One Response to “Soda’s Down, But Obesity’s Up. What Gives?”

  1. November 16, 2017 at 6:14 pm, David Brown said:

    For what it’s worth, I think there are two reasons why the obesity epidemic persists. First, we humans tend to repeat pleasurable experiences to excess when enabled to do so. Plato characterized eating as a necessary pleasure.
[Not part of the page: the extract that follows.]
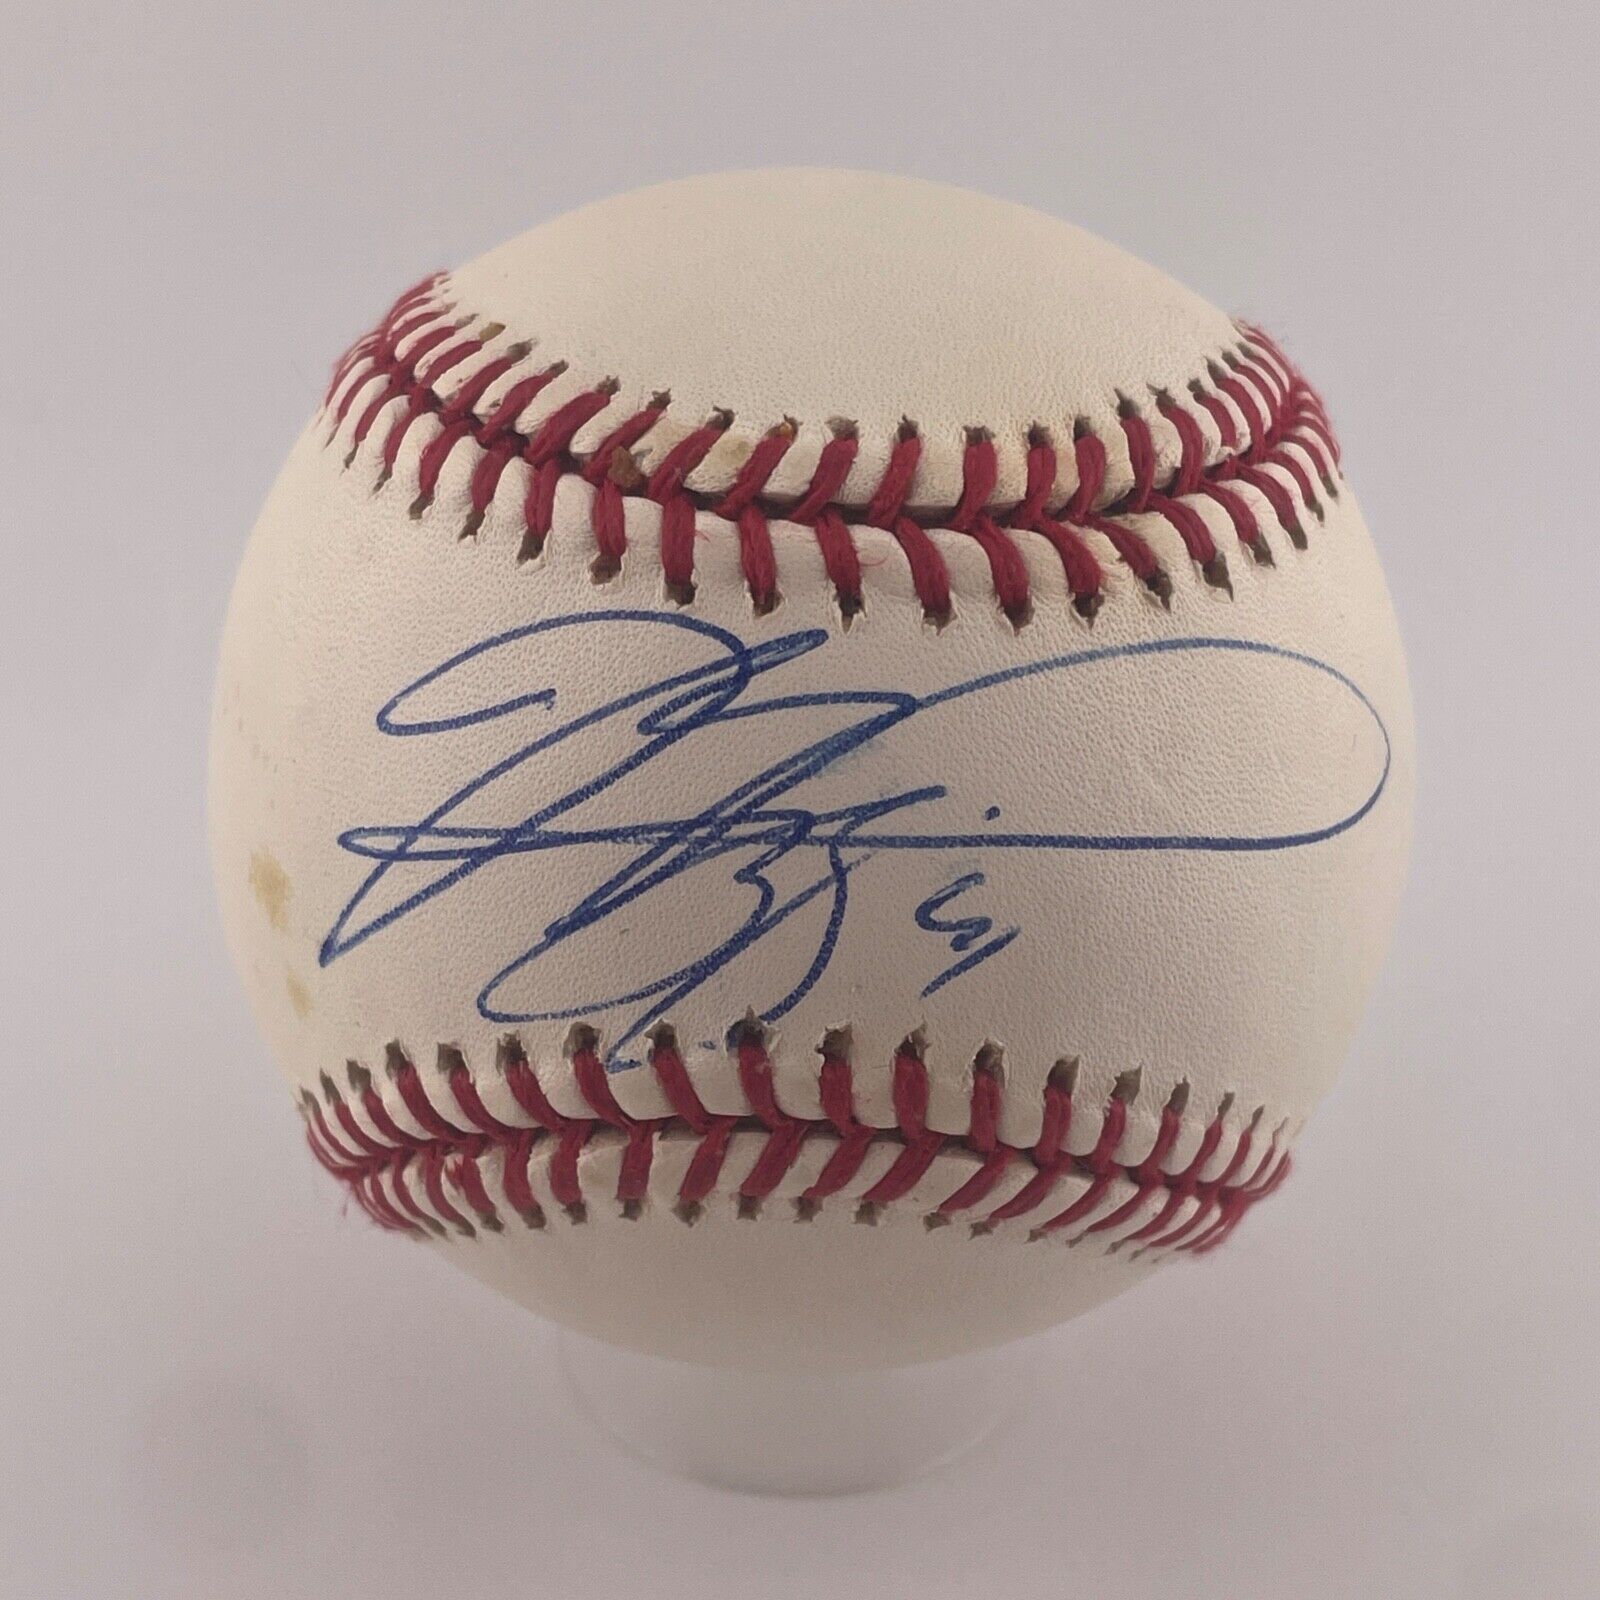 Mike Piazza Signed Baseball. New York Mets. JSA

Prior to the invention of a technique for converting nitrogen in the air into ammonia, agricultural production was limited by the amount of nitrogen available in nature. In 1909, however, German scientist Fritz Haber invented a process that eventually allowed man to generate unlimited quantities of ammonia from the air we breathe. Now farmers can furnish us with unlimited quantities of food. What do we tend to do with limitless food? We overeat. Of course, not all of us get fat when we overeat. Primate obesity researchers found that low-fat diets emphasizing carbohydrates effectively fattened monkeys who would consume twice as many calories on an American Heart Association recommended diet as compared to the usual primate fare. Still, as noted in this article, 40% of the animals did not get fat.
    Researcher comment: Barbara C. Hansen of the University of South Florida said calories, but not high fat, were important. “To suggest that humans and monkeys get fat because of a high-fat diet is not a good suggestion,” she said.

    That’s the other reason why no government public health entity has been able to reverse the obesity epidemic: bad dietary advice. Current nutritional dogma tells the public that saturated fat intake should be limited and polyunsaturated fat intake increased. This recommendation is based on population studies and scientific experiments that suggest a modest reduction in heart disease risk when saturated fats are replaced with polyunsaturated oils. Scientists conducting similar experiments have also observed a modest improvement in metabolic markers. The thing is, reversing the experiment by reducing omega-6 polyunsaturated intake to historical levels of around 1% of energy consumption hasn’t been attempted with humans. With mice, the results are dramatic.

    What we have, then, is a dispute between the biochemists who say too much omega-6 in the food supply is problematic and the epidemiologists who shape dietary advice and who say people should consume more omega-6.